To show the utility and effectiveness of integrating external bulk data, we compared LINGER to scNN, BulkNN and PCC. To evaluate the performance of trans-regulatory strength, we collected putative targets of TFs from chromatin immunoprecipitation followed by sequencing (ChIP–seq) data using a systematical standard (Methods) and, in total, obtained 20 data sets in blood cells as ground truth48 (Supplementary Table 1). For each ground truth, we calculated the area under the receiver operating characteristic curve (AUC) and the area under the precision–recall curve (AUPR) ratio (see Methods) by sliding the trans-regulatory predictions. Results show that scNN performs better than PCC and BulkNN. Compared to other methods, LINGER performs better, with a significantly higher AUC (Fig. 2b) and AUPR ratio (Fig. 2c) across all ground truth data.

To validate the cis-regulatory inference of LINGER, we calculated the consistency of the cis-regulatory coefficients with expression quantitative trait loci (eQTL) studies that link genotype variants to their TGs. We downloaded variant-gene links defined by eQTL in whole blood from GTEx49 and eQTLGen50 (Supplementary Table 2) as ground truth. As the distance between RE and TG is important for the prediction, we divided RE–TG pairs into different distance groups. LINGER achieved a higher AUC and AUPR ratio than scNN in all different distance groups in eQTLGen (Fig. 2d,e) as well as GTEx (Extended Data Fig. 1a,b). The above results show that LINGER improves the cis-regulatory and trans-regulatory strength inference by leveraging external data.

We next sought to investigate the dominant regulation for genes; that is, whether a gene is mainly regulated by cis-regulation or trans-regulation. To shed light on this question, we compared the average of cis-regulatory and trans-regulatory strength Shapley values by a two-sided unpaired t-test and performed Bonferroni P value correction. Our findings reveal that most genes exhibit no significant difference in cis-regulation and trans-regulation dominance. Specifically, 4.37% of genes are cis-regulation dominant, while 2.00% are trans-regulation dominant (Fig. 2f). To discern evolutionary distinctions between trans-dominant and cis-dominant genes, we compared their strength of selection using pLI, which is an estimate of the ‘probability of being loss of function intolerant’51. We observed that the percentage of selectively constrained genes with high pLI (>0.9) in the trans-dominant group was approximately three times higher than that in the cis-dominant group (Fig. 2g). A previous study found that disease-associated genes from GWAS were enriched in selectively constrained genes, while eQTL genes were depleted in selectively constrained genes52. These observations highlight the importance of the trans-regulatory network in understanding complex diseases. Functional enrichment analysis53 shows that the cis-regulatory dominant genes were significantly enriched in 38 GTEx aging signatures (Supplementary Table 3), which aligns with the conclusion that chromatin accessibility alterations occur in age-related macular degeneration54.

To gain an understanding of parameter sensitivity, we systematically evaluated the effects of TF–RE motif matching, cis-REs transcription start site (TSS) distance, activation function, number of nodes in hidden layers and metacell-generating method on the scNN. Note that the sigmoid activation function would not improve the gene expression prediction but would improve the GRN inference (Extended Data Fig. 2a). Using motif matching information by manifold regularization loss properly by setting the weight will improve the performance. Compared to 0, weight 0.01 improved the performance on 100% (Extended Data Fig. 2c) and 80% (Extended Data Fig. 2d) of ground truth data based on the AUC and AUPR ratio, respectively. The performance of weight 10 decreases compared to 0.01 (Extended Data Fig. 2c,d).

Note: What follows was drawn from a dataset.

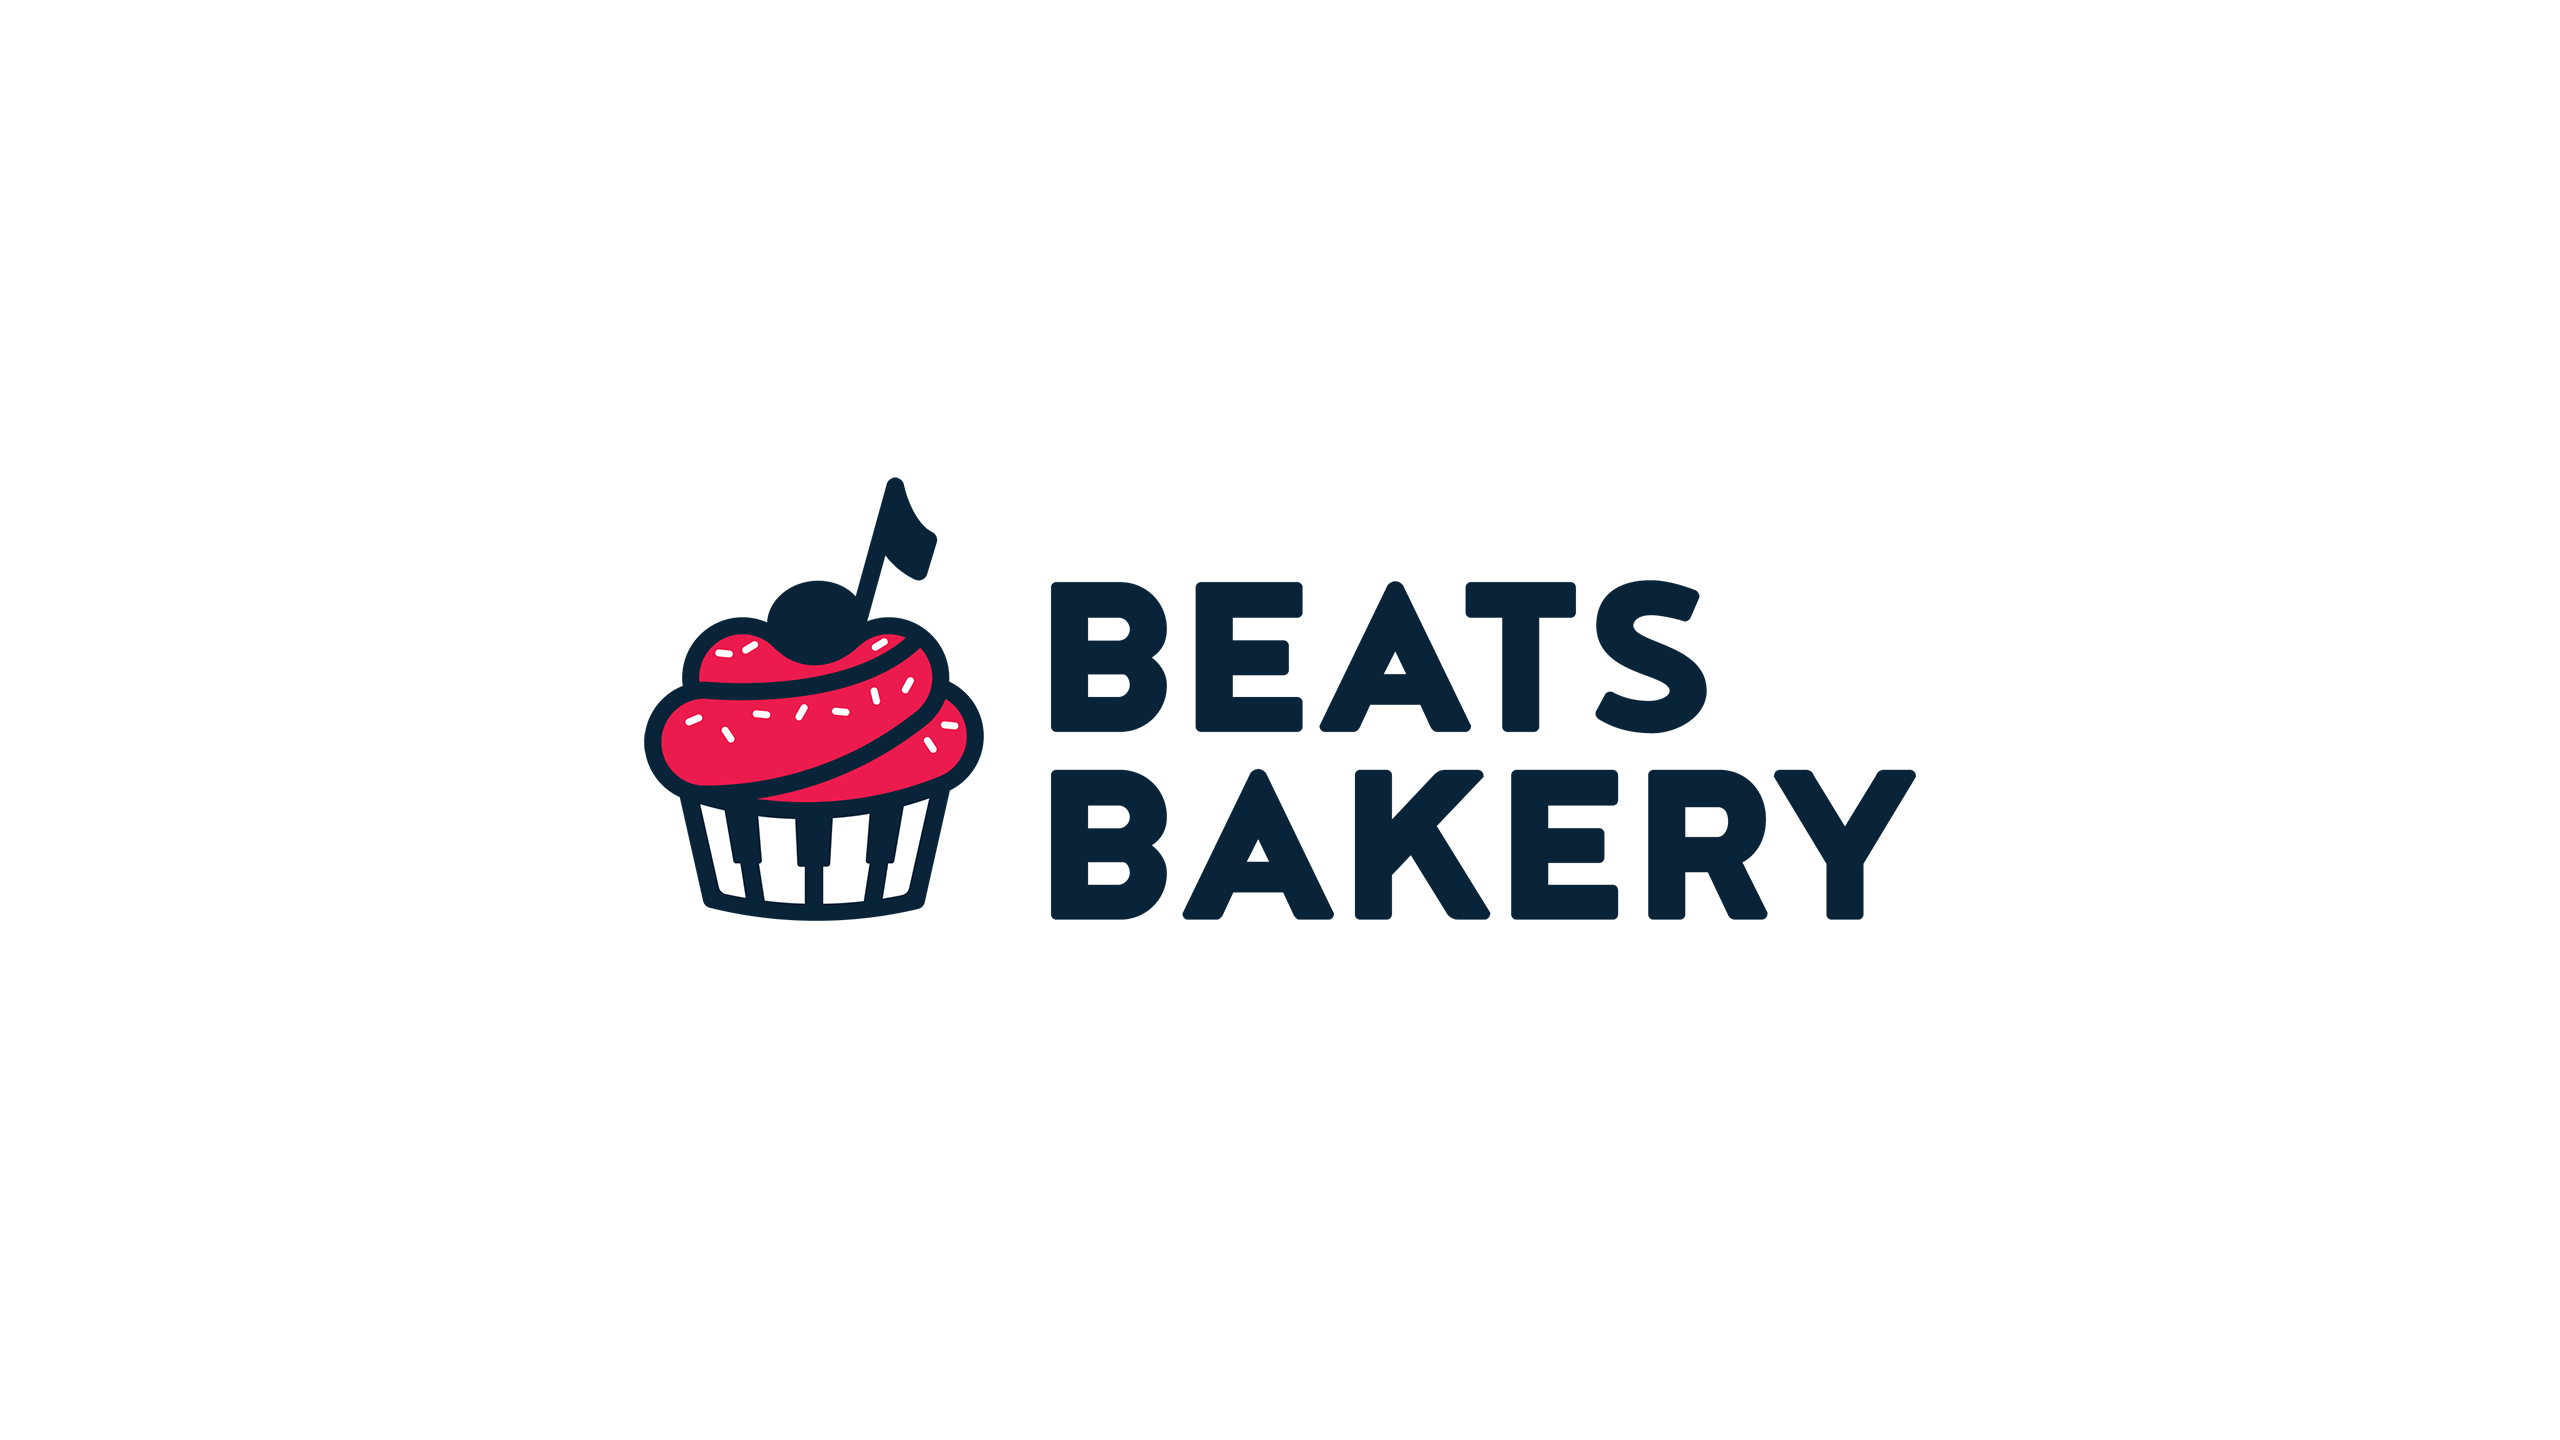 Beat bakery logo

To verify the robustness of our method to alternative metacell-generation approaches (see ‘PBMC 10× data’ in Methods), we used metacells generated by the SEACells as a substitute for our original metacells. There were no significant differences in the performance between SEACells metacells and our original metacells (two-sided paired t-test, P = 0.89; Extended Data Fig. 2e). Using REs within 1 Mb is the best across 200 kb, 500 kb, 1 Mb and 2 Mb (Extended Data Fig. 2f,g).

We evaluated LINGER’s capability for lifelong learning by leveraging additional data sources. We split the ENCODE data into two batches (ENCODE1, ENCODE2) and applied two rounds of pre-training, then trained on PBMCs single-cell multiome data (ENCODE1+ENCODE2+sc). We compared the results with those obtained by using one batch of ENCODE data as pre-training (ENCODE1+sc). Extended Data Fig. 2h shows that compared to single pre-training, the addition of the second round of pre-training improved the performance of TF–TG inference for 85.5% (17 out of 20) and 75% (15 out of 20) of ChIP–seq data based on the AUC and AUPR ratio, respectively. This validates LINGER’s capability for continuous refinement through incremental learning from diverse datasets.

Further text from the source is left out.